A low fibre intake may also be a viable short-term pre-competition strategy for non-weight category sports such as athletics. This is because athletes such as jumpers can benefit from a small reduction in body mass without limiting total energy intake (2).

Training and competition

Athletes who load on carbohydrates before long training sessions or endurance/ultra-endurance competition may choose to lower fibre intake to minimise gastrointestinal issues such as abdominal discomfort, flatulence and diarrhoea (1). This is particularly important in the pre-competition meal, which should should be low-fibre, low-fat, low to moderate protein (1, 3) and low in FODMAPs (3).

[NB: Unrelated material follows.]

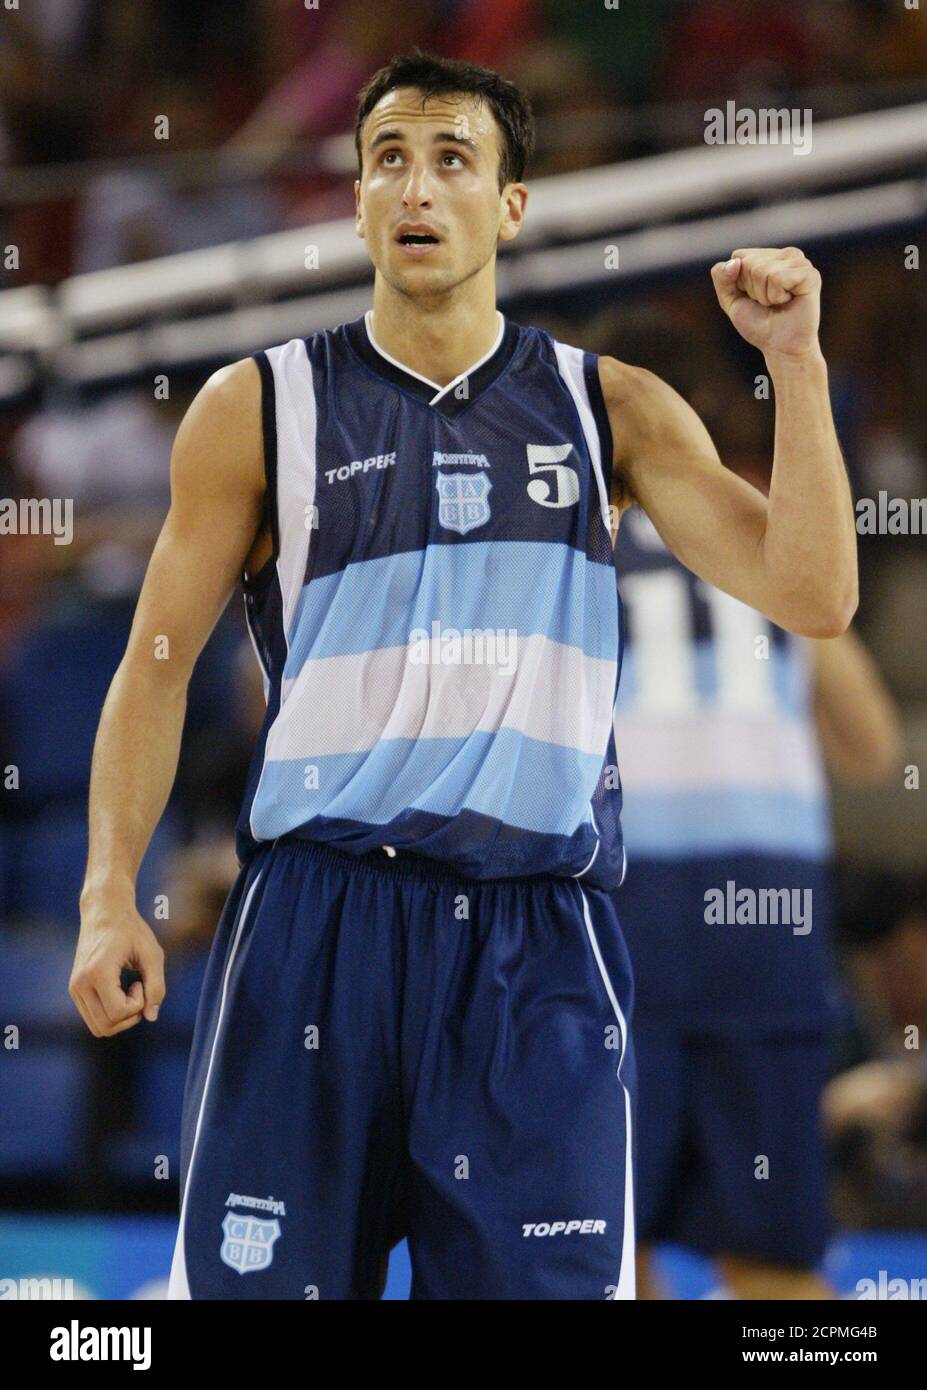 Argentina's Emanuel David Ginobili celebrates his basket to defeat New  Zealand in preliminary basketball action at the Athens 2004 Olympic Games  August 21, 2004. Argentina defeated New Zealand 98-96. REUTERS/Adrees Latif  AC/SV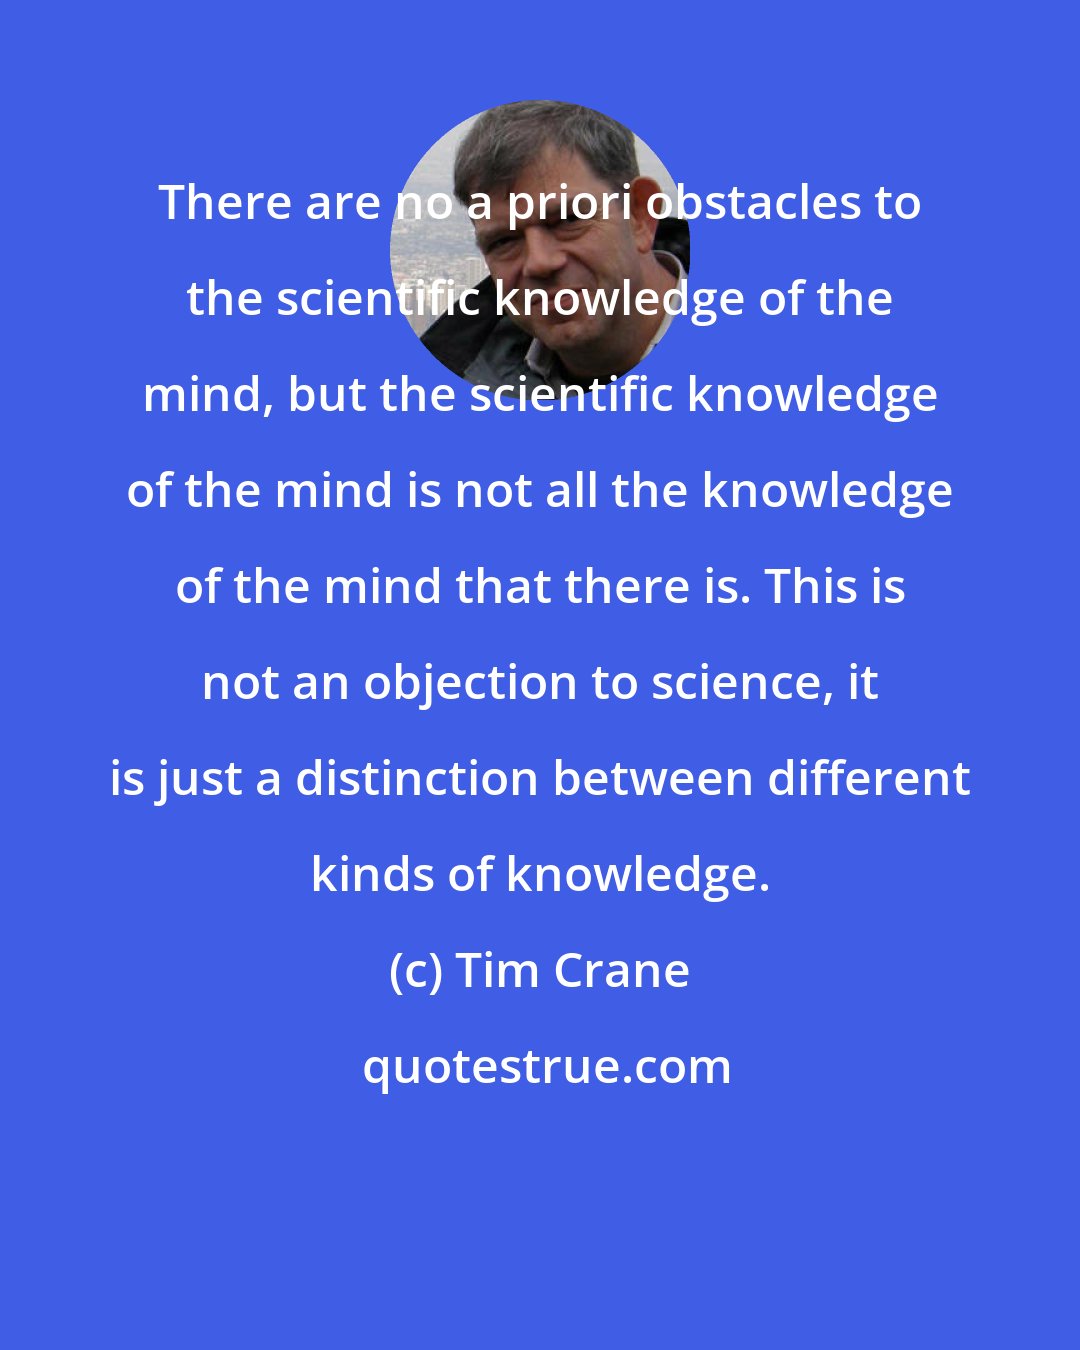 Tim Crane: There are no a priori obstacles to the scientific knowledge of the mind, but the scientific knowledge of the mind is not all the knowledge of the mind that there is. This is not an objection to science, it is just a distinction between different kinds of knowledge.

It is important to note that gastrointestinal discomfort can affect any athlete, not just those competing in endurance events. For example, a high fibre pre-workout meal can also cause digestive discomfort before intense training sessions or competition (4) regardless of the duration of the event.

Gastrointestinal recovery

Athletes who experience diarrhoea and vomiting (e.g. traveller’s diarrhoea) should consume low-fat and low-fibre food when able to tolerate solids (1).


As seen in the article about fibre and health, there are many health benefits associated with dietary fibre intake.

In addition, fibre from plant foods may help counteract potential detrimental effects of animal protein intake, which is typically high in omnivorous athletes. In addition, fibre consumption is fundamental for gut health. This is important because the gut and the microbiome deliver water, nutrients and hormones to the athlete’s organs and tissues during exercise (4).

Summary and recommendations

The health of the athlete should be the priority as a sick or symptomatic individual will not be able to train and perform at their best. With this in mind, athletes should consume adequate dietary fibre from whole plant foods except for when making weight and before intense/long training sessions and competition.

Excessive fibre intake can be detrimental for athletes who are not meeting their energy requirements or who exhibit disordered eating behaviours.


  1. Burke, Louise. Clinical Sports Nutrition, 5th Edition. McGraw-Hill Australia, 09/2015. VitalBook file.
  2. Sygo J, Kendig Glass A, Killer SC, Stellingwerff T. Fueling for the Field: Nutrition for Jumps, Throws, and Combined Events. Int J Sport Nutr Exerc Metab. 2019 Mar;29(2):95–105.
  3. Costa RJS, Knechtle B, Tarnopolsky M, Hoffman MD. Nutrition for Ultramarathon Running: Trail, Track, and Road. Int J Sport Nutr Exerc Metab [Internet]. 29(2):130–40.
  4. Clark A, Mach N. Exercise-induced stress behavior, gut-microbiota-brain axis and diet: a systematic review for athletes. J Int Soc Sport Nutr. 2016/12/08. 2016;13:43.